Can y'all please explain Euclid's Algorithm and proove how it works???

Question

Please proove it I already know what it is. So please don't waste your time.

Answer 1

Let us suppose that when a is divided by b, the remainder is r. Then:

a=kb+r for some integer k.

Now let us suppose that a and b both are divided evenly by some number, d. Then a=pd and b=qd for some integers p and q. So:

pd=kqd + r

Which implies that:

(p-kq)d = r

Which means that r is also an exact multiple of d. Now suppose that d is the greatest common divisor of a and b. By the previous, it is clearly also a divisor of r. To show that it is the greatest common divisor of b and r, suppose b and r had a common divisor, d' > d. Then a = p'd' + q'd' = (p'+q')d', and so d' is a divisor of a, and thus a common divisor of both a and b greater than d, which is a contradiction. Therefore, the greatest common divisor of b and r is the same as the greates common divisor of a and b, which establishes the correctness of the recursive step of Euclid's algorithm. Q.E.D.

Answer 2

You've seen a formal proof. You can think of it this way: starting with two positive integers a1 > a2, how to pin down their greatest common divisor GCD(a1, a2)? The key observation is that, when you subtract the smaller number from the larger one, the GCD stays the same:

GCD(a1, a2) = GCD(a1-a2, a2).

Now keep subtracting a2 from the first number (getting a1-a2-a2, and so on) until you can't do it anymore because the current first number has gone down below a2. This is, of course, the remainder from dividing a1 by a2. Call it a3. Note that

GCD(a1, a2) = GCD(a1-a2, a2) =...= GCD(a3, a2) = GCD(a2, a3).

Now you've got another pair of numbers, a2 > a3, to work with. Do the same as done before for the pair a1 > a2. You arrive at an a4 < a3 with

GCD(a2, a3) = GCD(a3, a4).

The numbers keep getting smaller, and after N rounds you arrive at a(N+2) = 0. This means that the penultimate number a(N+1) divides aN exactly, so

a(N+1) = GCD(aN, a(N+1)) = ... = GCD(a1, a2).

(since the GCD stays the same all along). Thus we've found the GCD.

Advantages of Euclid's algorithm:
1. It finds the GCD very quickly even for large numbers -- unlike the method based on factorization which requires a vast amount of computation.
2. The algorithm can be used to express the GCD as a linear combination of the two original numbers:

GCD(a1, a2) = t1*a1 + t2*a2

for some signed integers t1 and t2 (and this is very useful).
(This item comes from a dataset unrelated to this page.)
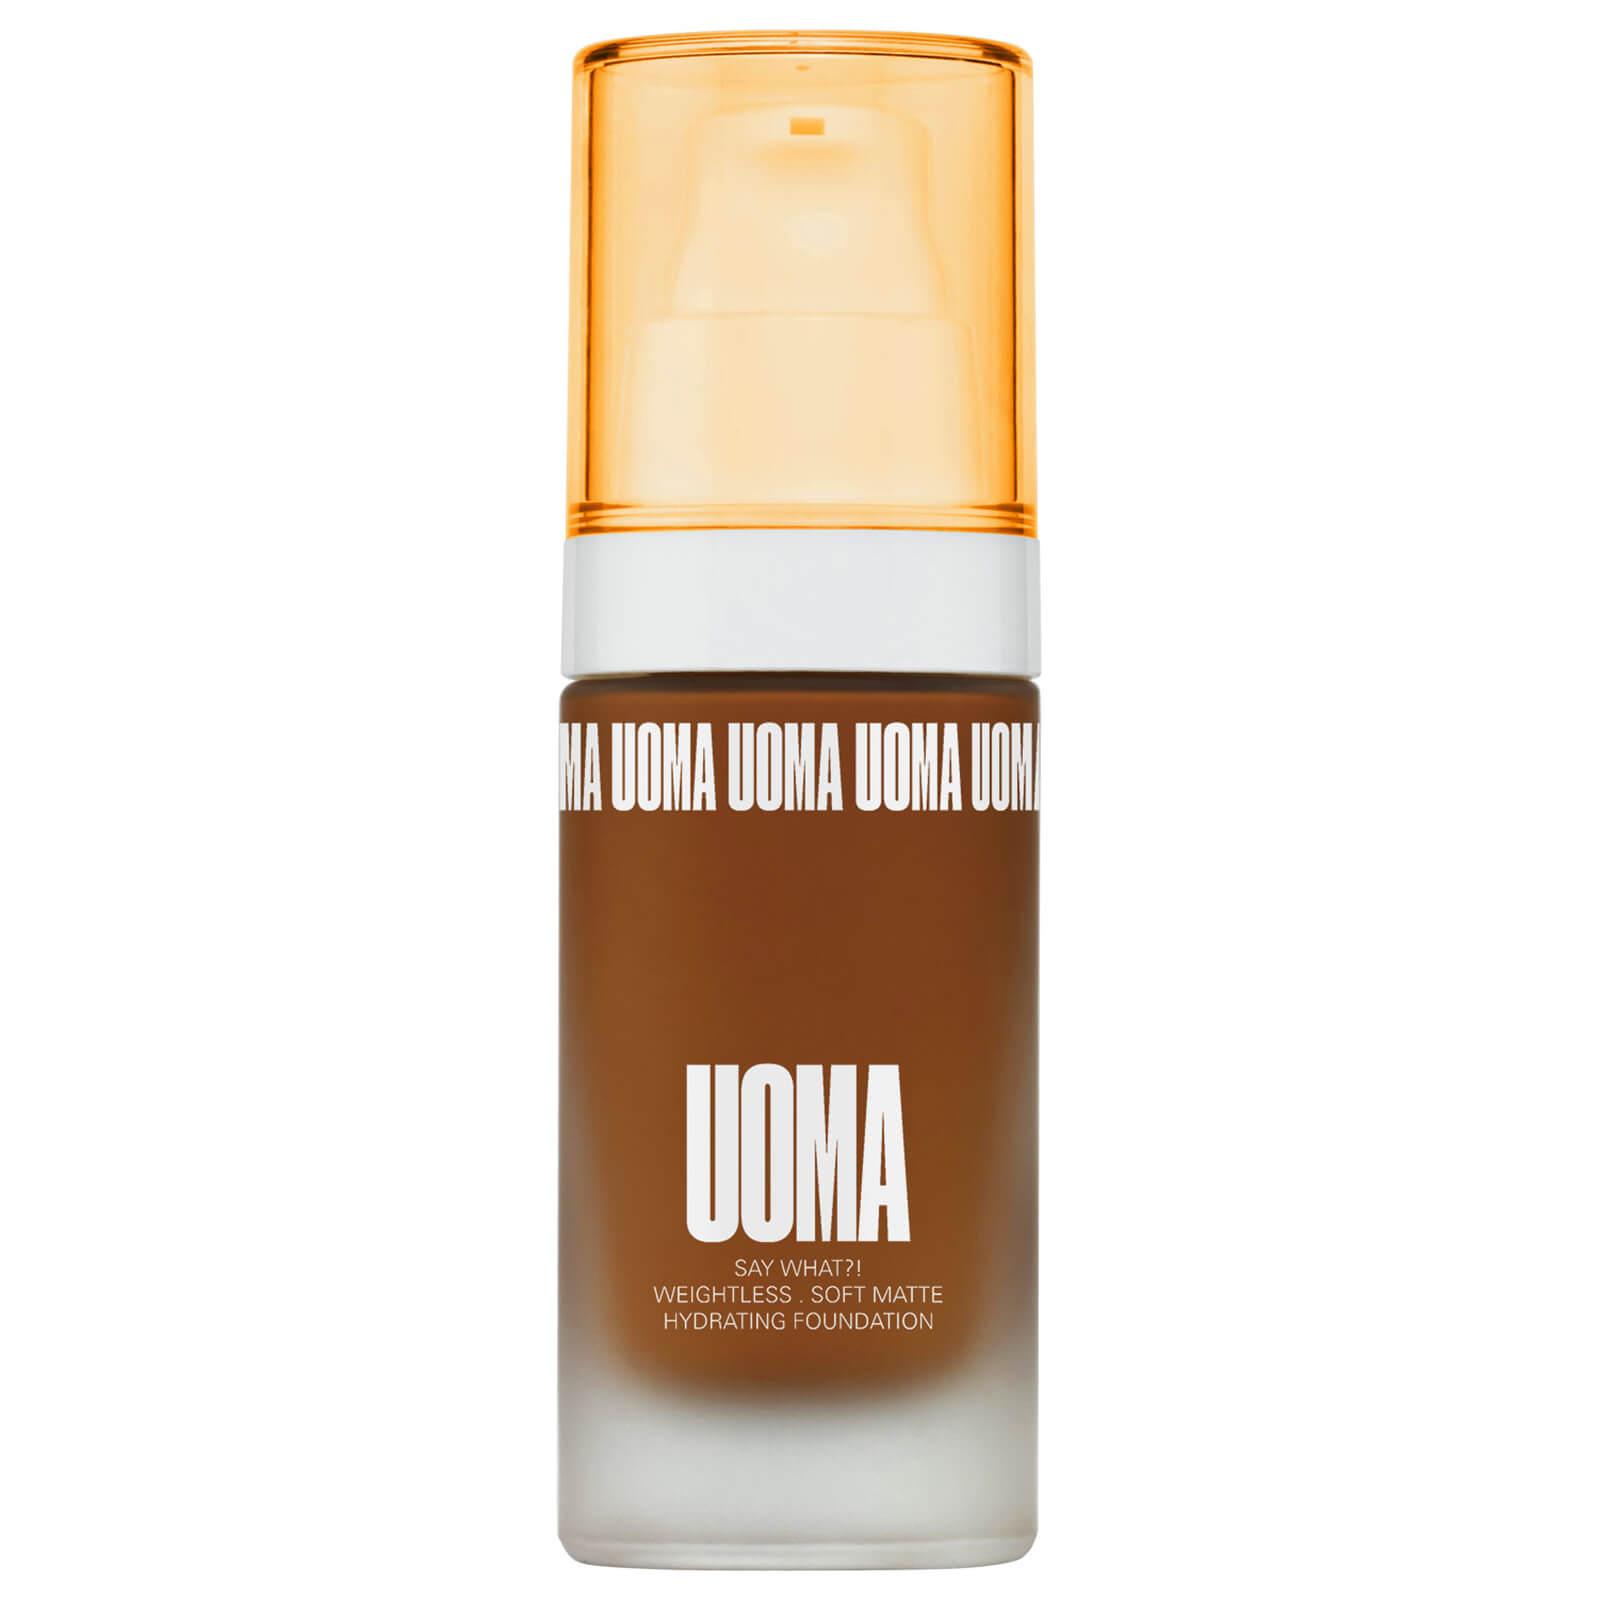 UOMA Beauty Say What Foundation 30ml (Various Shades) - Brown Sugar T3C

To do this, use the relationship a(n+2) = an - qn*a(n+1), where qn is how many times a(n+1) was subtracted from an (that is, the n-th quotient). This allows you to substitute back all the way along the sequence (starting with the GCD = a(N+1), keep expressing the farthest term of the sequence in terms of the two previous ones until there is nothing left but multiples of a1 and a2).
3. The algorithm extends to polynomials (because in the division process the degree of the remaider keeps going down).